Below are the entries; give again exactly the lines from the one mentioning "Gelish DUO Soak" through the one mentioning "Toon Balloon by Gustavo Raley", inclusive.

*** Material provided Section Begins ***

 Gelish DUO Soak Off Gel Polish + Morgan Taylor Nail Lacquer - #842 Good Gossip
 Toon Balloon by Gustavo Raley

*** Material provided Section Ends ***
*** Material provided Section Begins ***

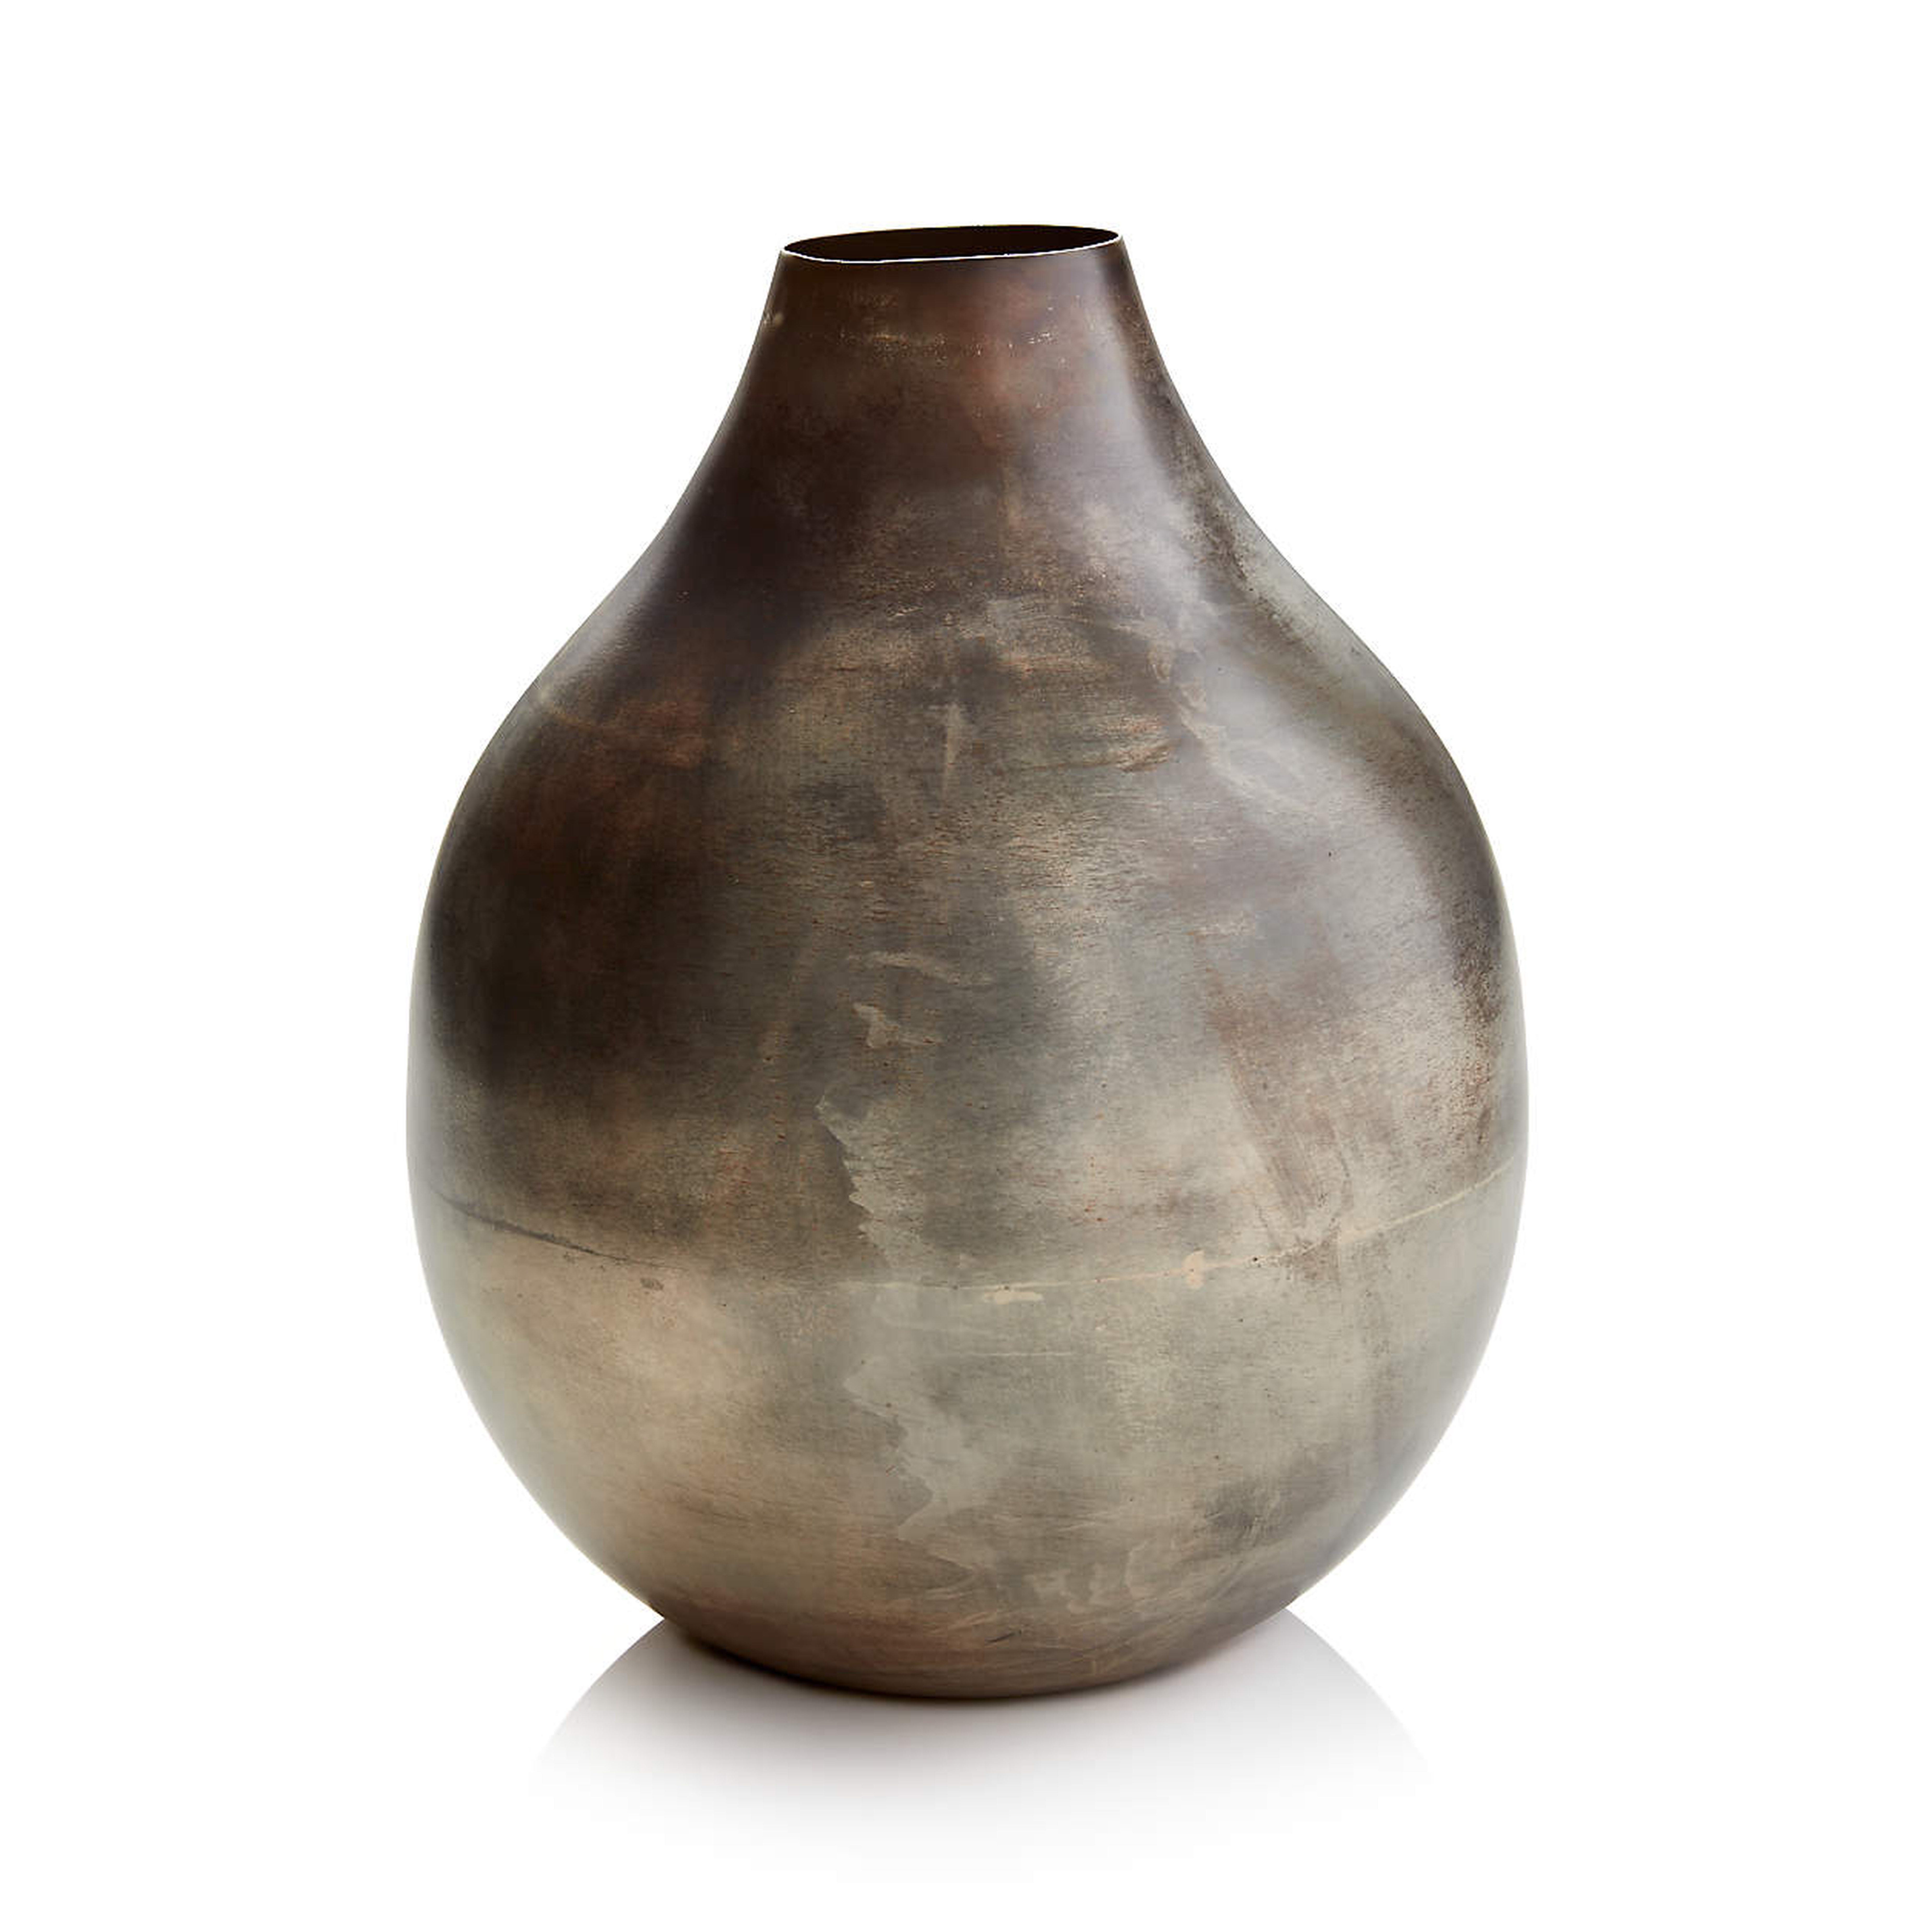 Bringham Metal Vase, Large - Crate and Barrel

*** Material provided Section Ends ***

Solved exercise
 Gelish DUO Soak Off Gel Polish + Morgan Taylor Nail Lacquer - #842 Good Gossip
 Toon Balloon by Gustavo Raley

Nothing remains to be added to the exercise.